As far as your comments about soil etc. My plant has been in two different positions in the garden over the three or four years I've had it. I transplanted it about two years ago into its present position. My soil is neutral to slightly acid and reasonably well drained. The plant is in the ground and has received lots of water in winter due to the weather and in the summer is watered daily by me. It is growing on an east facing fence but is reasonably sheltered. Irrespective of where it was planted, each year it has produced the leaf colour shown above, the only difference is that this year the colour is more intense. I put that down to the fact that the plant is getting older and more established.

20 Feb, 2009


That's really interesting.
Your comments about about "skill level" are so true.
I've had the same experiences :o)

One of my RHS books says Tj is a plant which is suitable for very alkaline soil. Maybe the more acid the soil, the more likely to get the bronze winter colour ? Just a thought.

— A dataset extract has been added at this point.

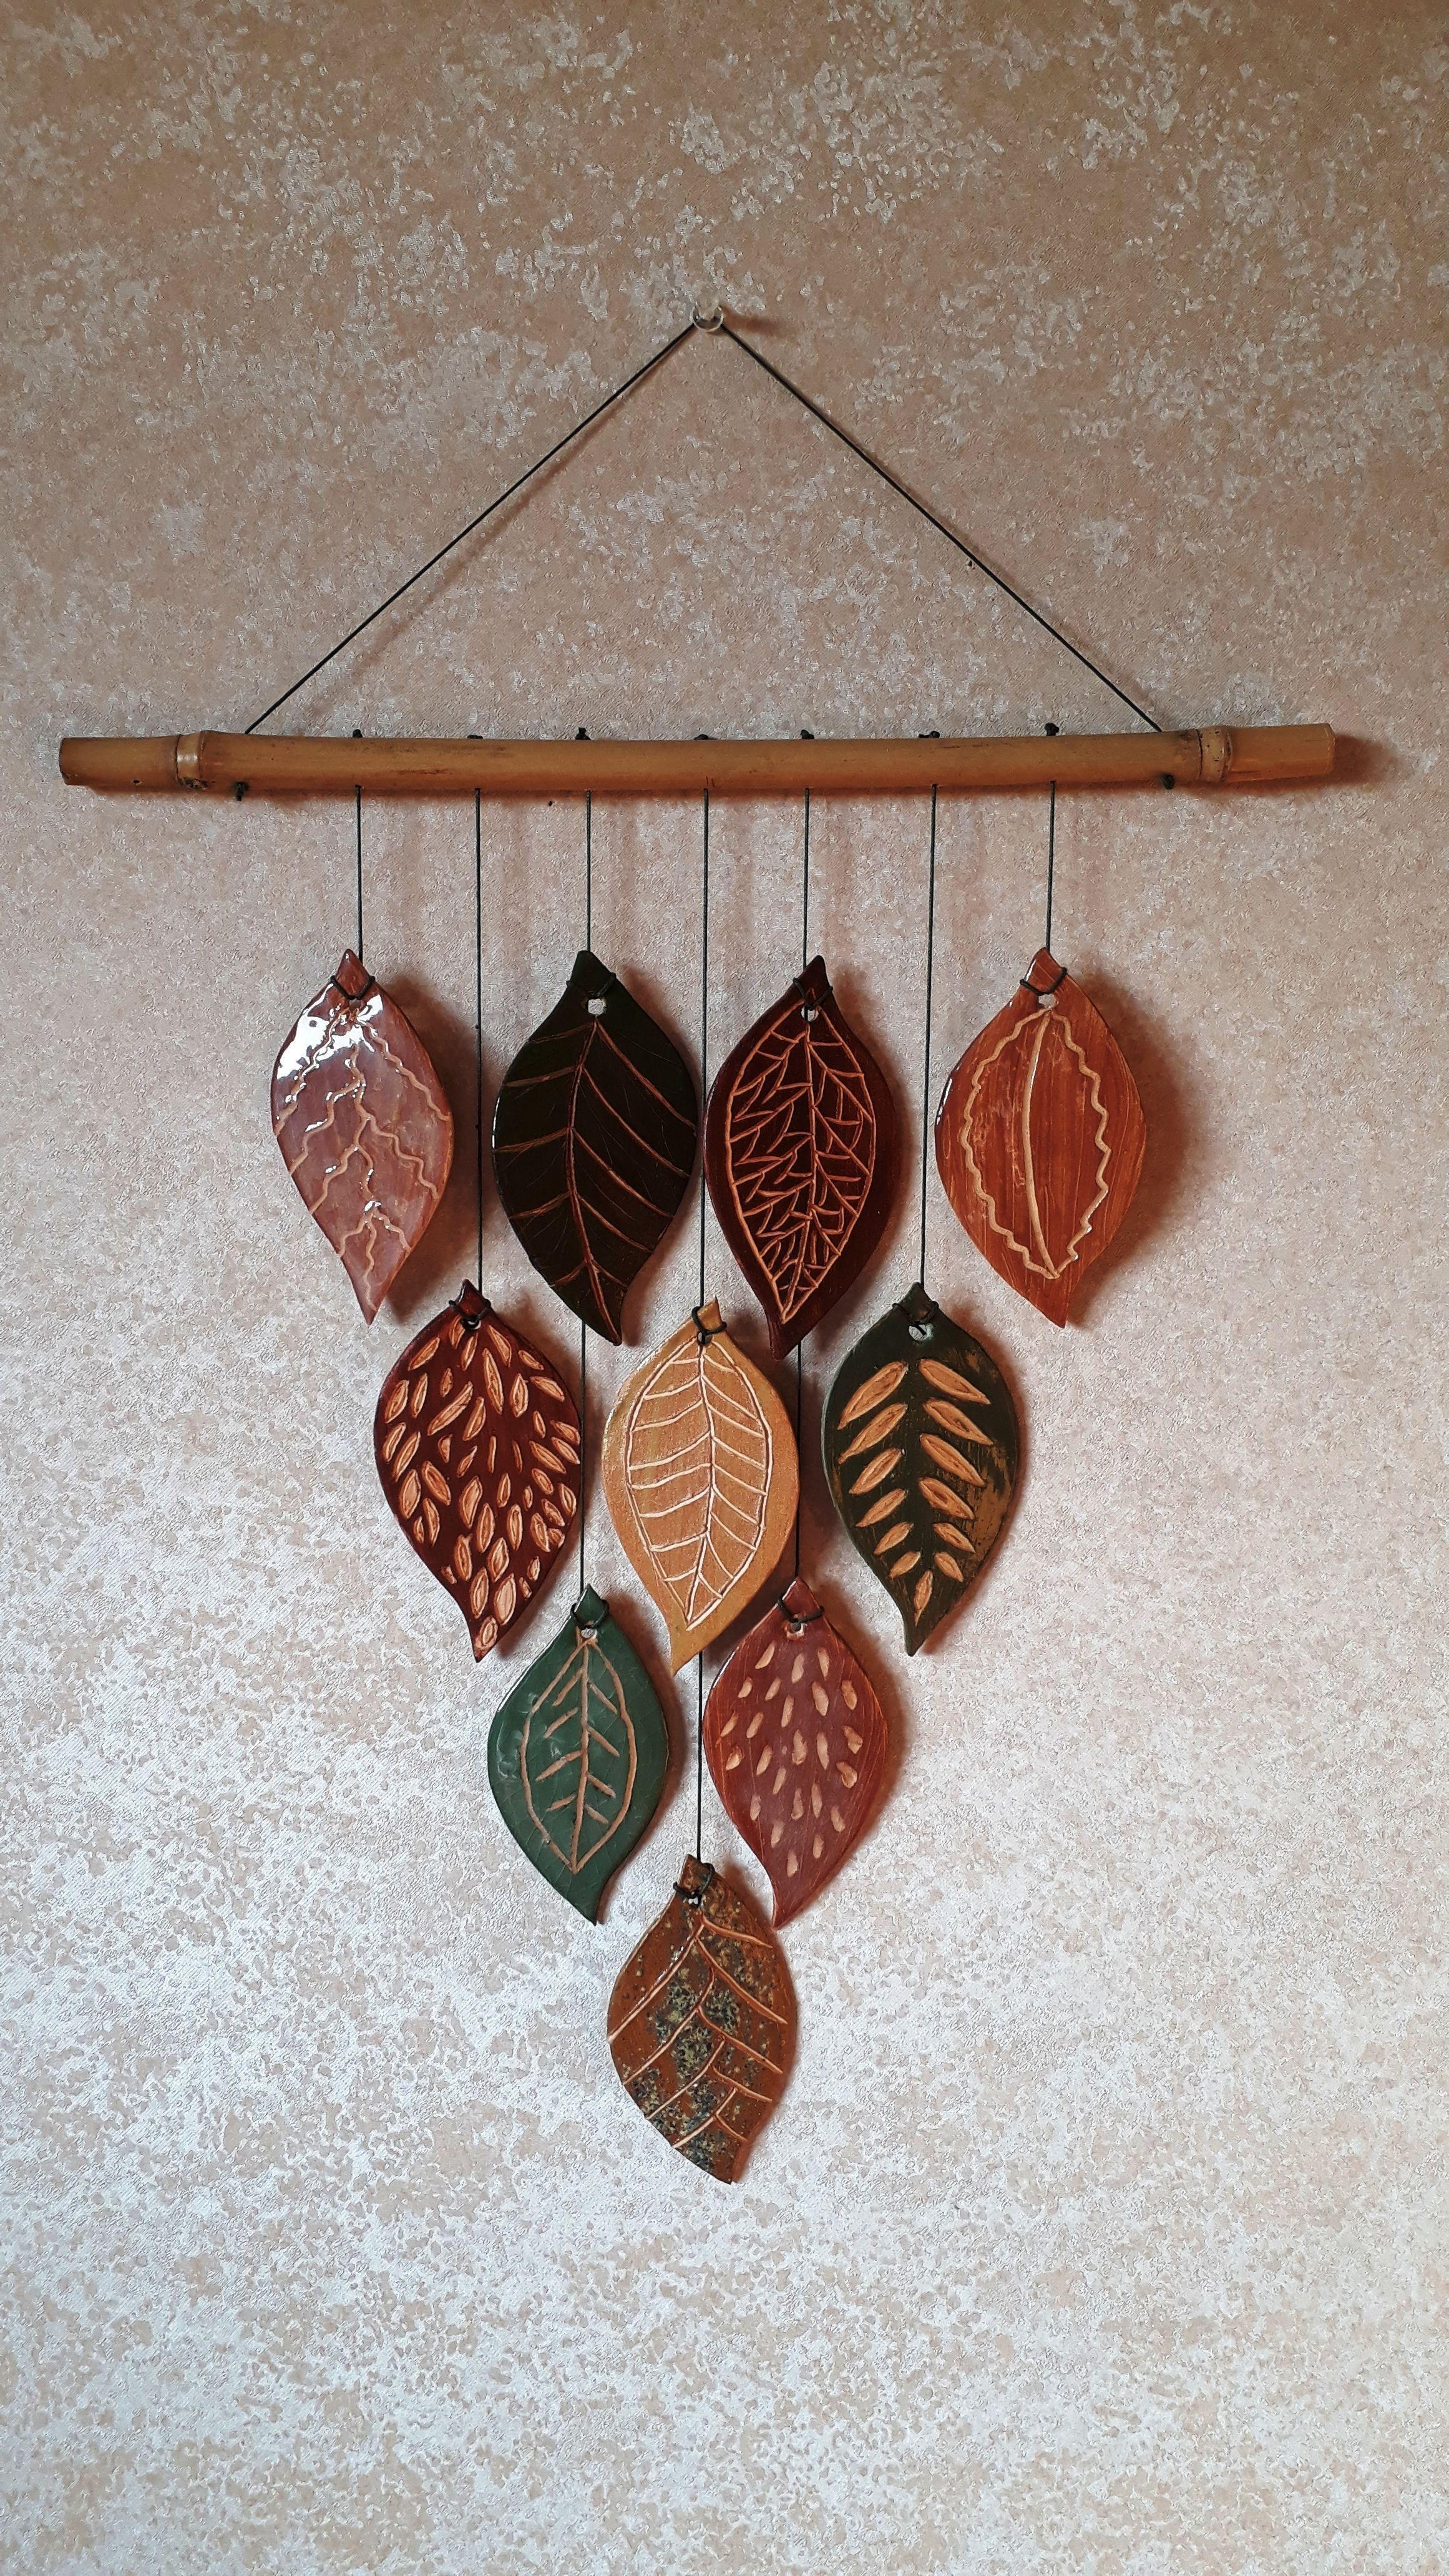 Keramik-Wand-Dekor-Blätter #slabpottery Keramische Wand-Dekor-Blätter #paintedpottery

When puppy allows, I'll try to do more research.
That could be in 2016. Lol.

Eventually we can jointly write a book about Tj ~
by Toto and Terratoonie. Lol.

20 Feb, 2009


Thanks for your comments. I to will do further research and get back to you and like you it won't be immediately as although I don't have a puppy, mores the pity, I do have a wife who thinks I should get on with some work. Never mind, I'll sneak back to the computer soon.

20 Feb, 2009



20 Feb, 2009


I have just looked in my "RHS Illustrated Dictionary of Gardening" and found a reference to confirm Dotty's twenty species (thanks Dotty). It also speaks of Trachelospermum japonicum which has leaves which turn bronze in autumn but this variety has leaves that are either veined white and Wilsonii which has leaves flushed red-bronze to maroon in winter. As Dotty suggested it looks as though I have wilsonii (thanks again dotty) as mine does not have the white vein in the leaf..

20 Feb, 2009


Well done on your research. :o)

20 Feb, 2009


Glad to help folks......

23 Feb, 2009


Hi Toto. Just found you blog about your trachelospermum. I think you seem to have trachelospermum jasminoides variegatum which definitely has leaves that turn coppery red in the winter. I have the TJ variegatum 'tricolour' which has even more interesting leaves - some are green with white edges, some are green with white splotches, some are green with red splotches, some are pink with red or brown splotches.... I have posted a photo of it if you're interested.

17 Mar, 2009


Thanks Bernieh. I will certainly take a look at the photo you have submitted. It sounds like a very nice plant you have.